| What you have to do |
Leave the images out. Give every line below again, precisely.

| Data provided |
┌──
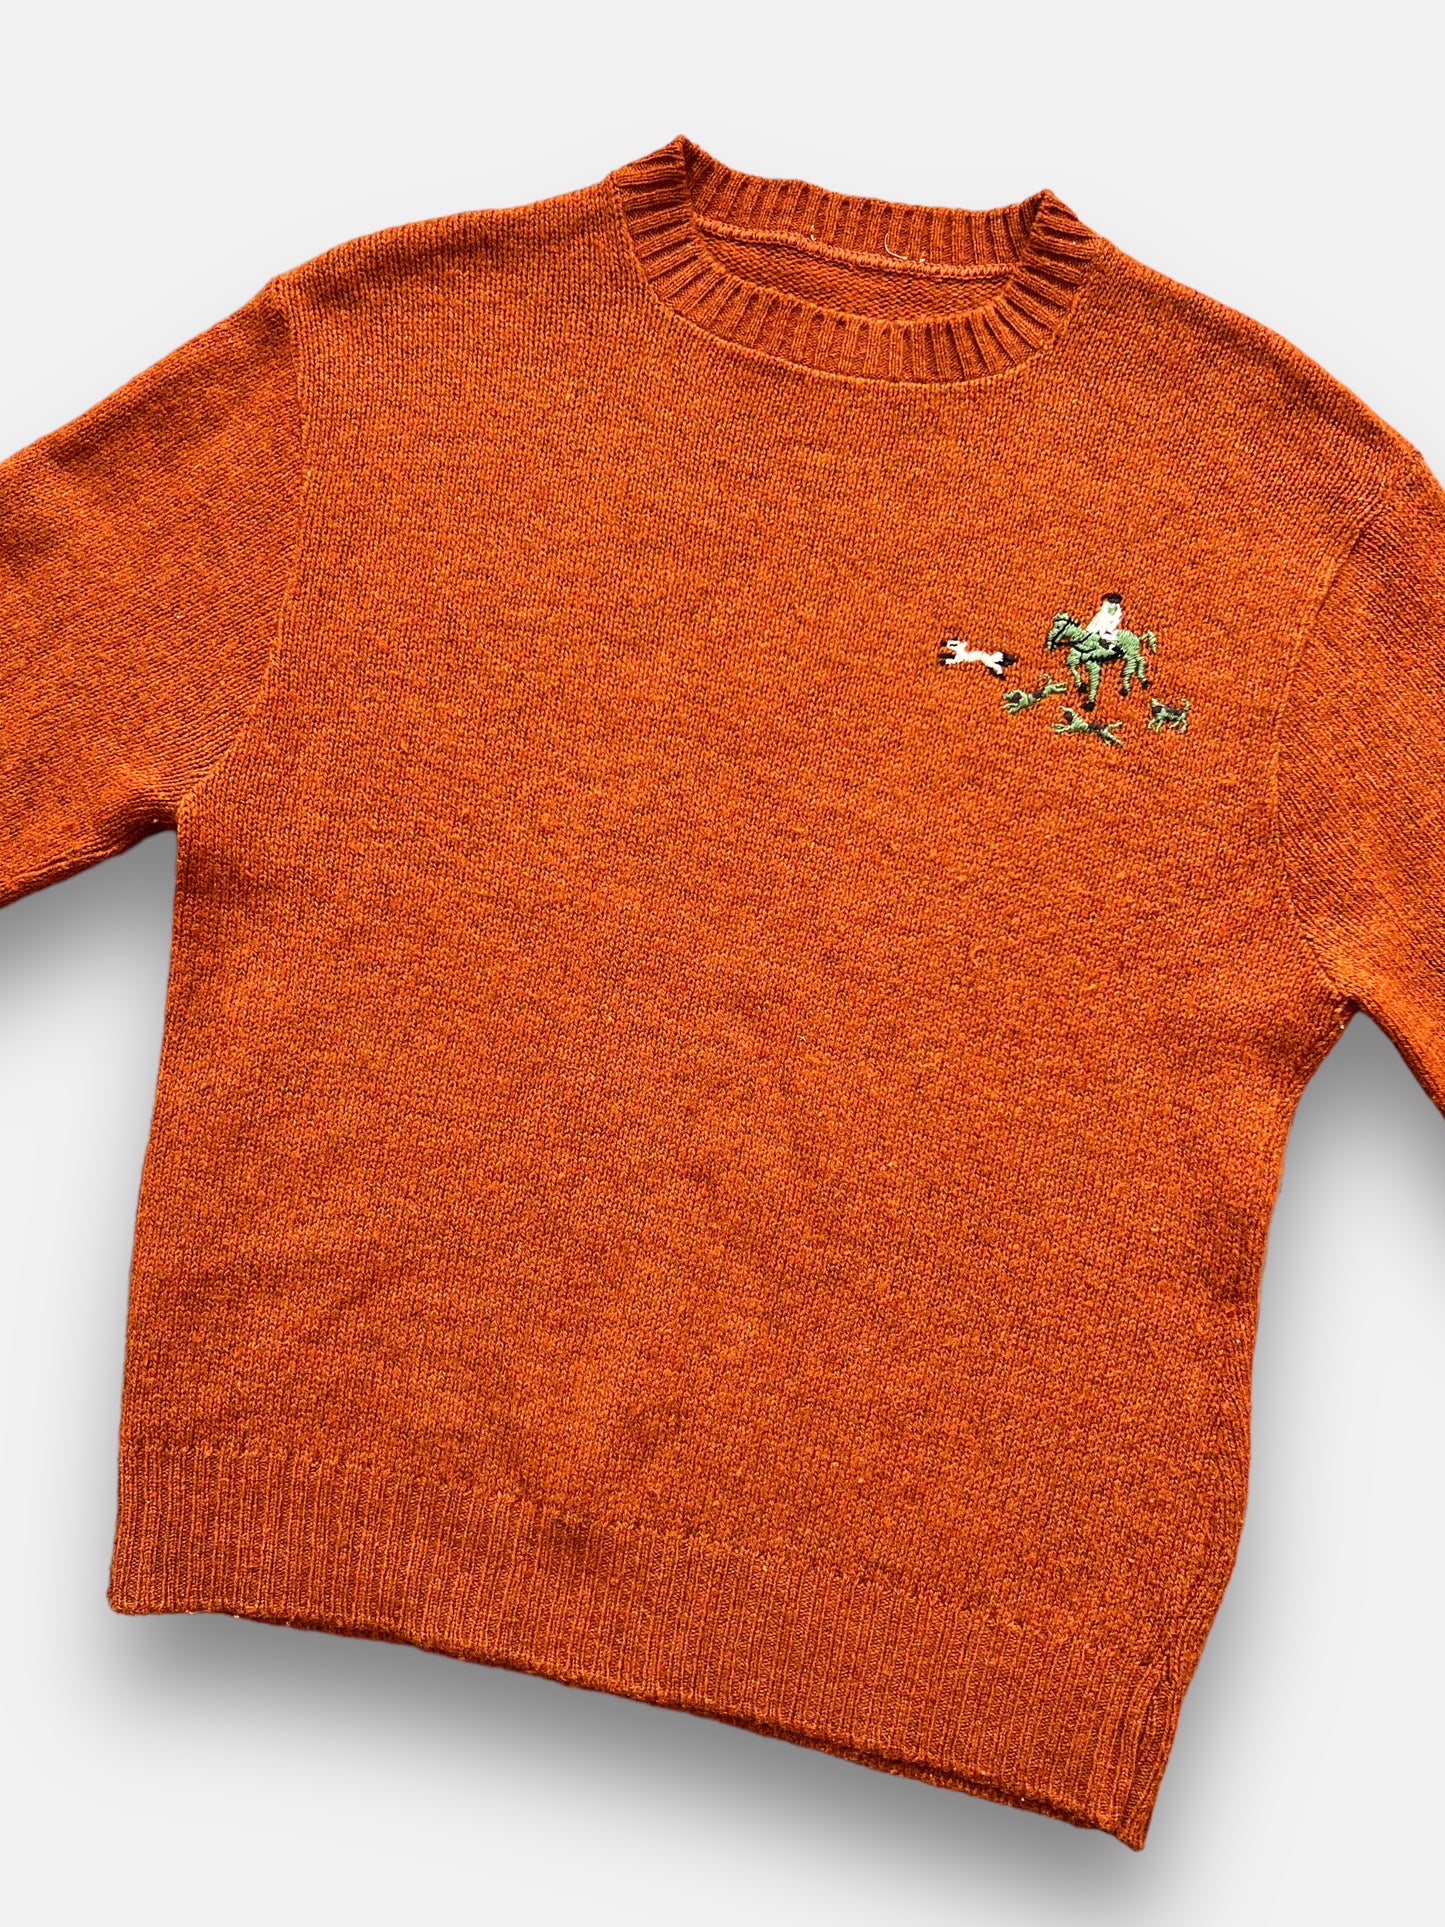 70s Jantzen Wool Sweater (S)
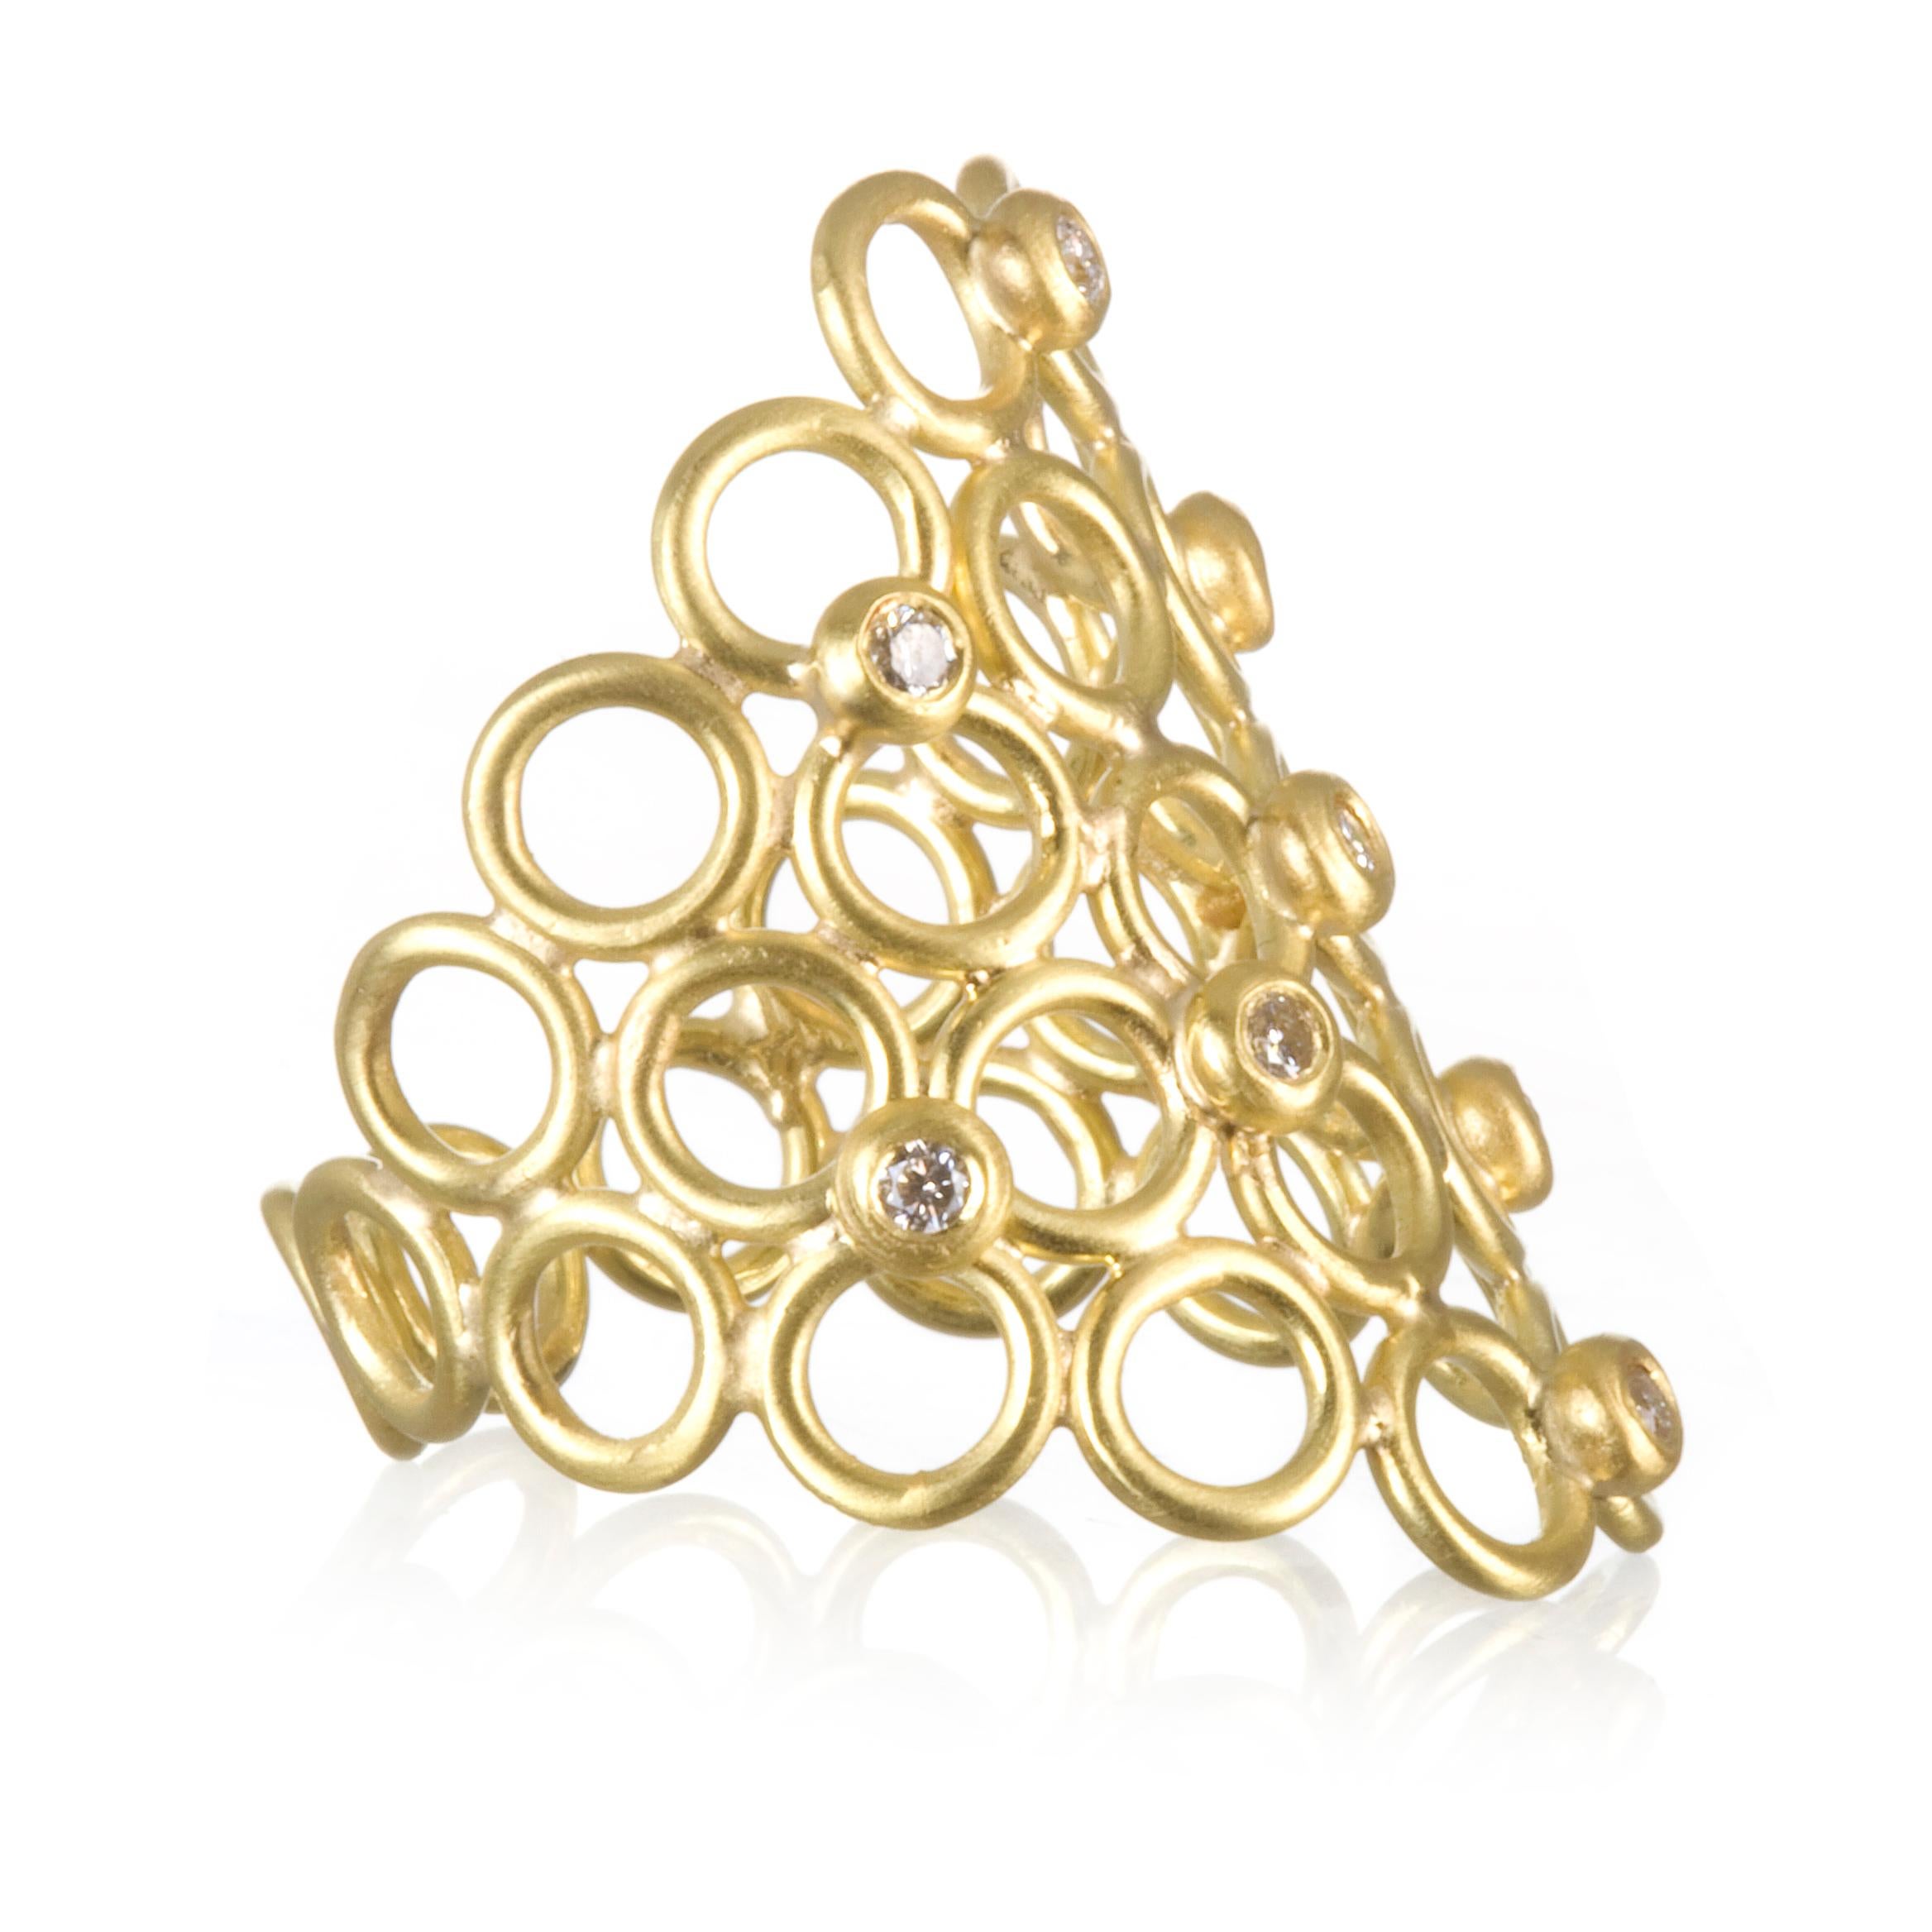 Faye Kim 18k Gold Diamant Mesh Cocktail Ring

Setzen Sie ein Zeichen mit diesem einzigartigen und wunderschönen handgefertigten Ring mit offenem, rundem Glied und Diamanten. Ein großer Look mit entsprechendem Komfort. Dieser Ring ist für  die
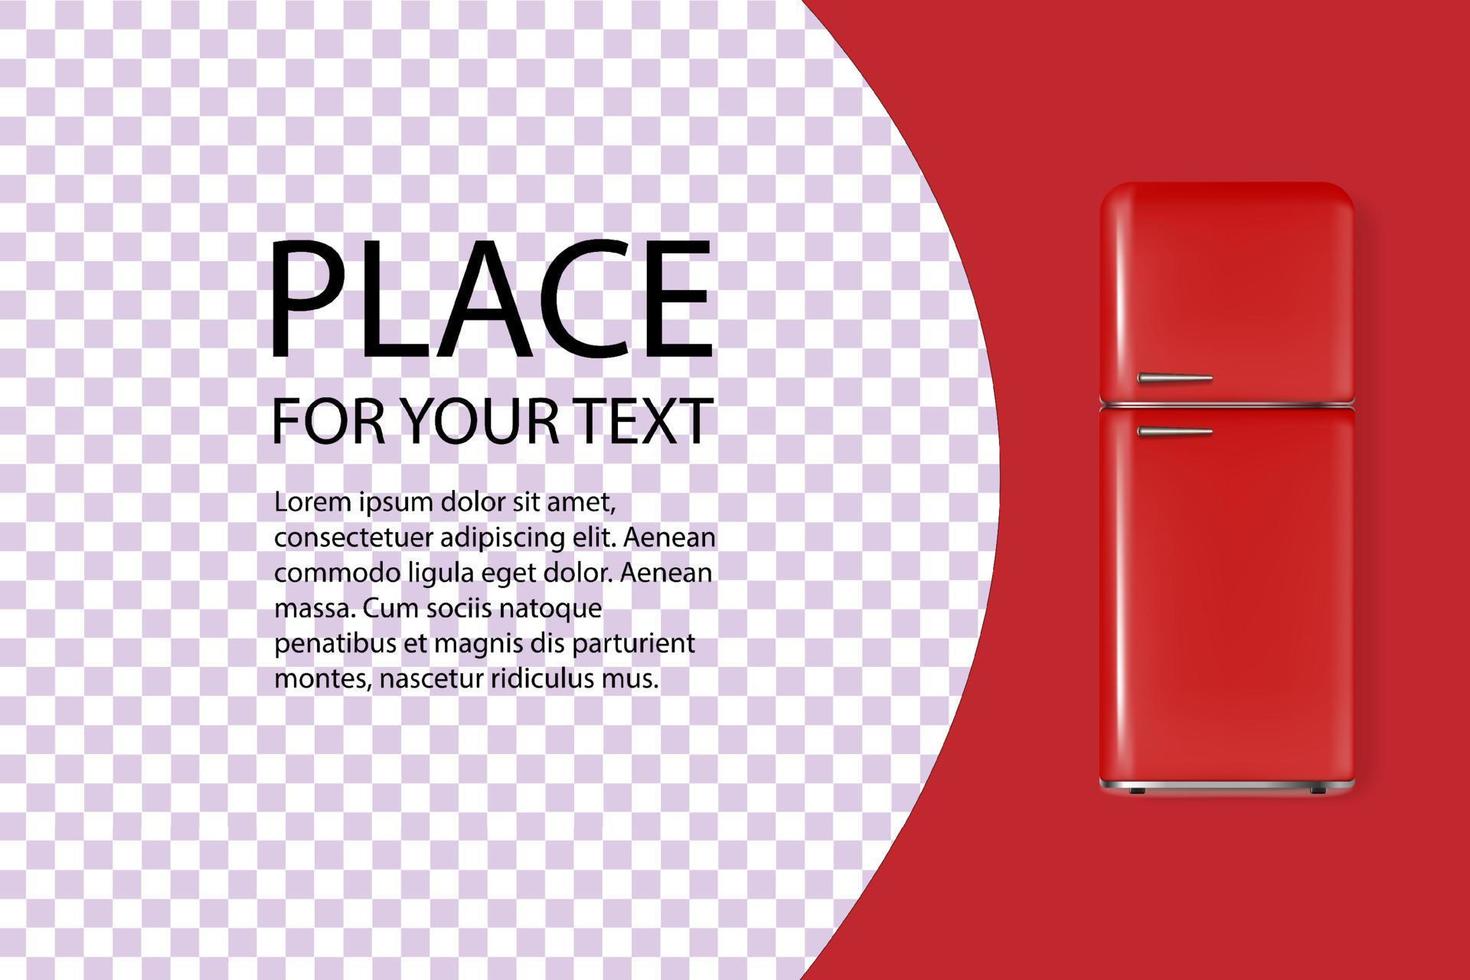 banner de refrigerador vintage 3d detallado y realista. cartel publicitario con texto. ilustración vectorial de un refrigerador vector
└──
| Task response |
 70s Jantzen Wool Sweater (S)
 Faye Kim 18k Gold Diamant Mesh Cocktail Ring

Setzen Sie ein Zeichen mit diesem einzigartigen und wunderschönen handgefertigten Ring mit offenem, rundem Glied und Diamanten. Ein großer Look mit entsprechendem Komfort. Dieser Ring ist für  die
 banner de refrigerador vintage 3d detallado y realista. cartel publicitario con texto. ilustración vectorial de un refrigerador vector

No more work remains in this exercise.